Only the lines from the one containing "Battleship Texas Bb35" through the end of the listing are to be repeated, exactly and without pictures.

* _Source material_:
========================
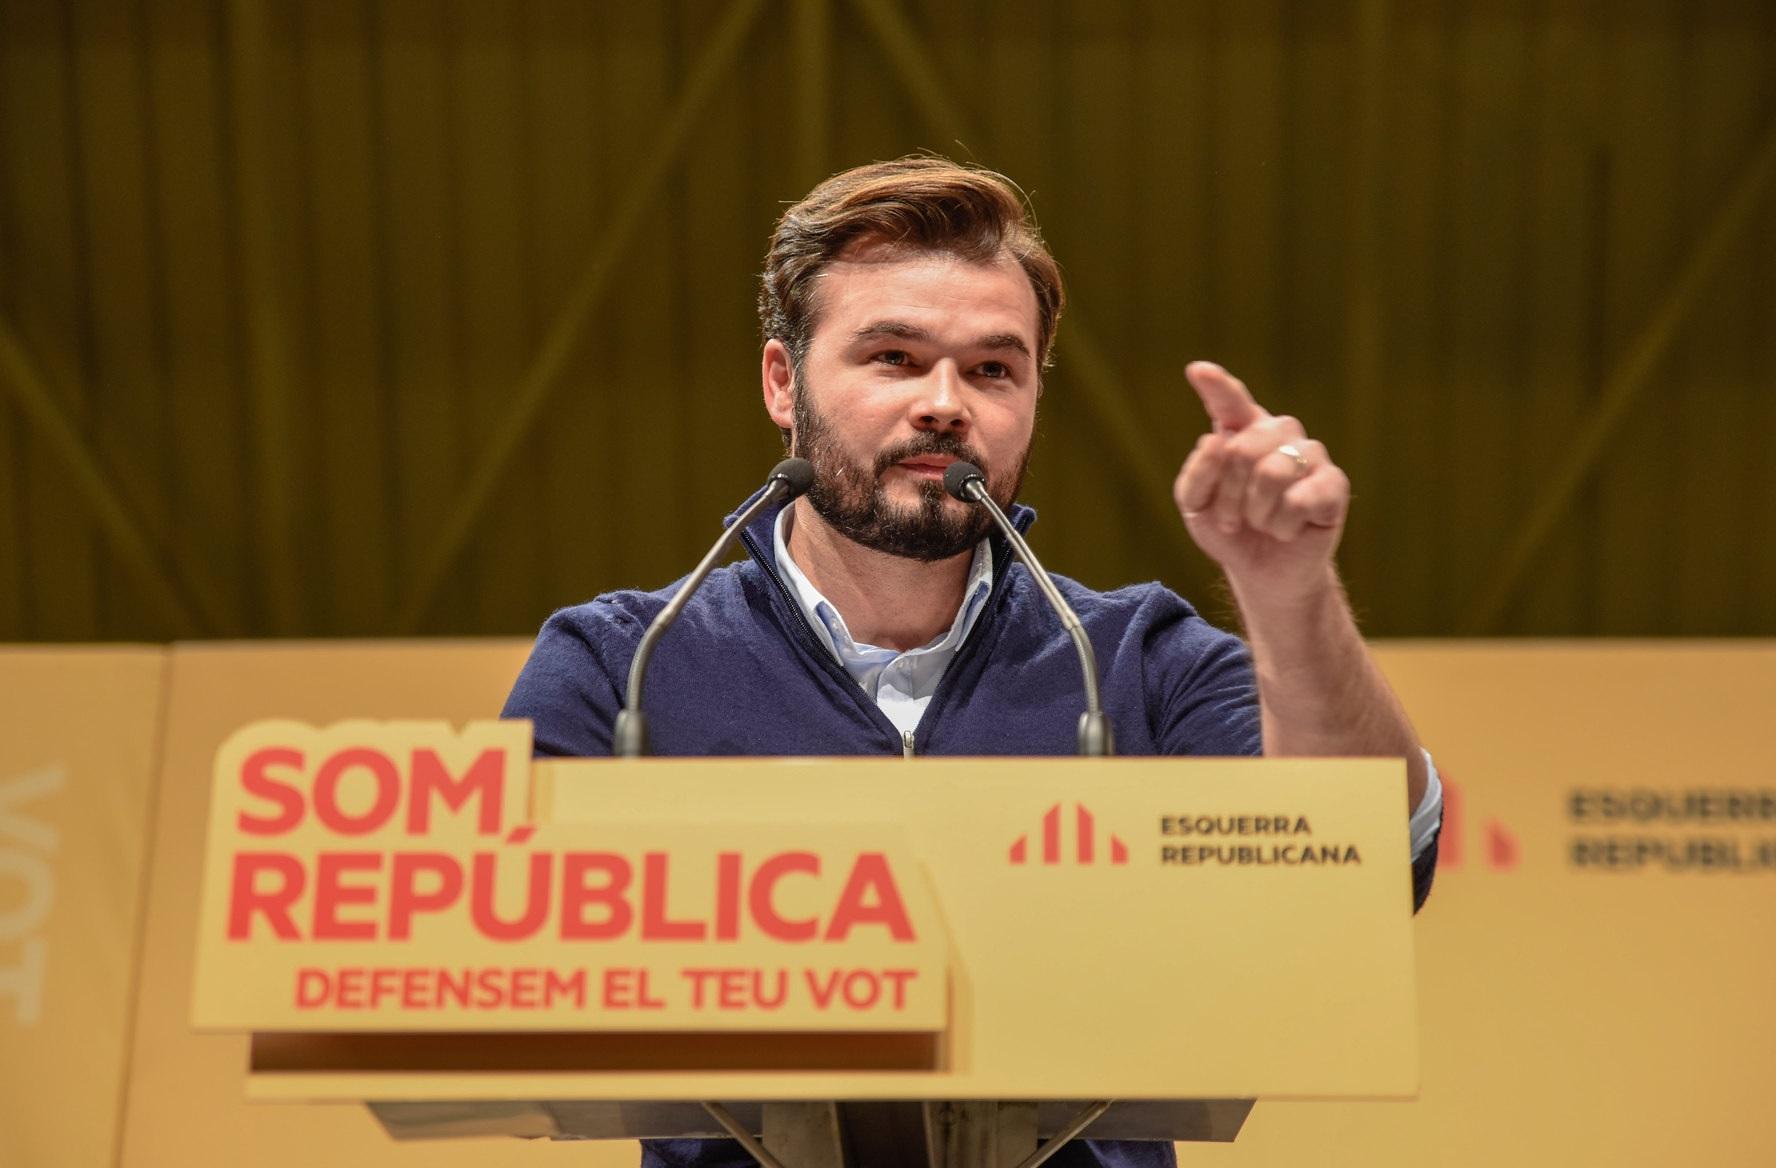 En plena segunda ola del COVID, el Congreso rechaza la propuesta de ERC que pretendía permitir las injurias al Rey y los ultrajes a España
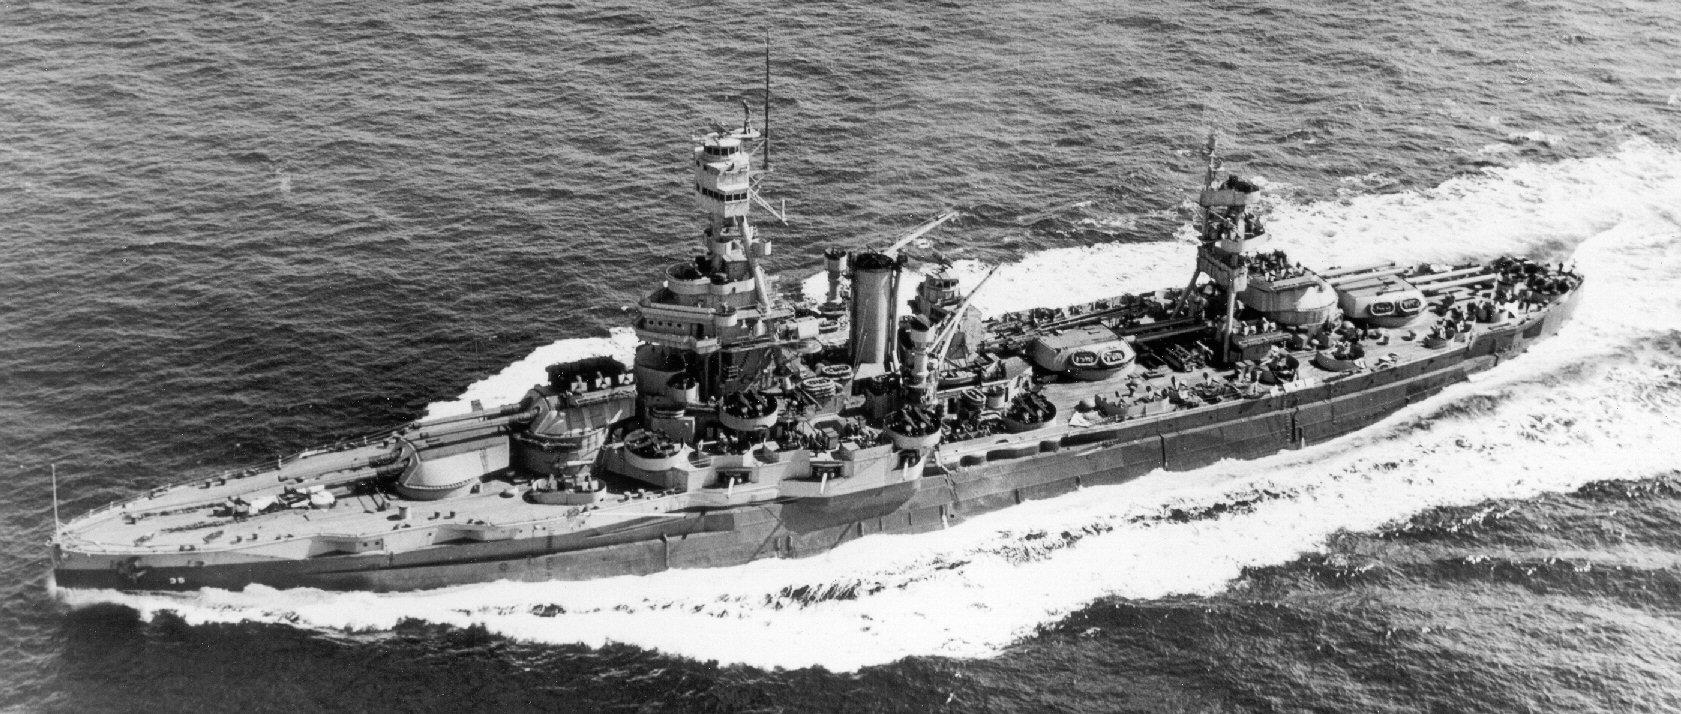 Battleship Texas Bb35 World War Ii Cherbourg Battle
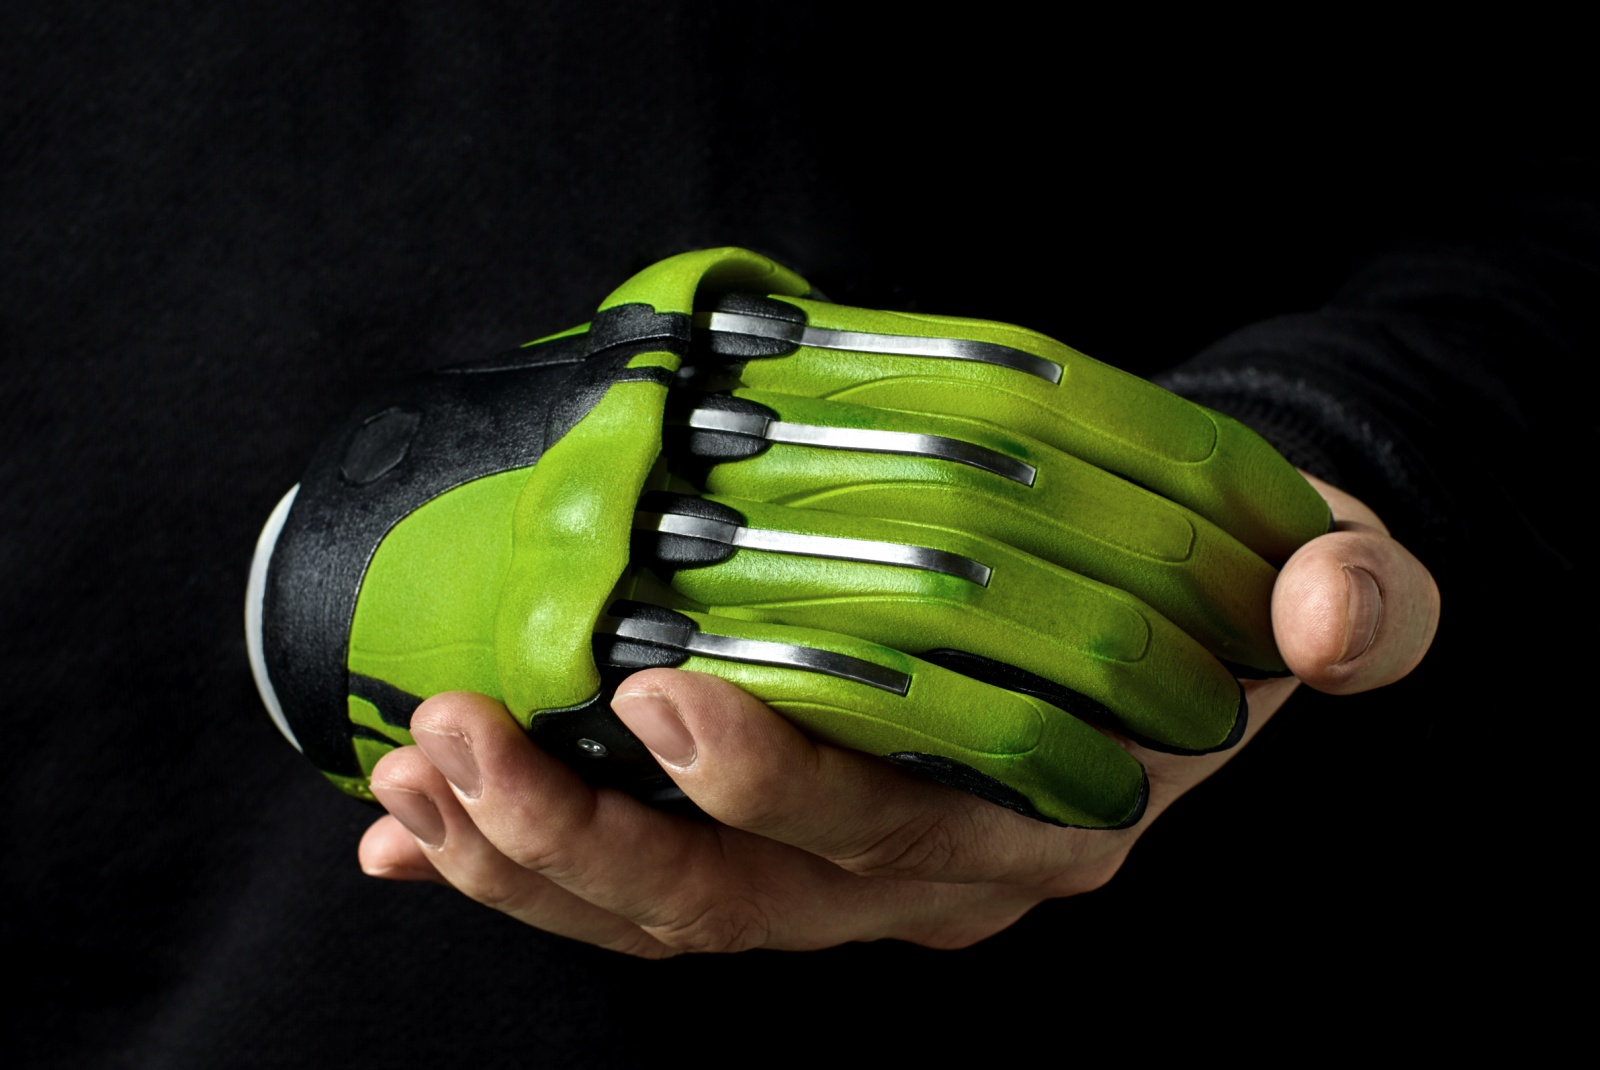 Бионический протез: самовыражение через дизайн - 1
========================
* _Answer below_:
 Battleship Texas Bb35 World War Ii Cherbourg Battle
 Бионический протез: самовыражение через дизайн - 1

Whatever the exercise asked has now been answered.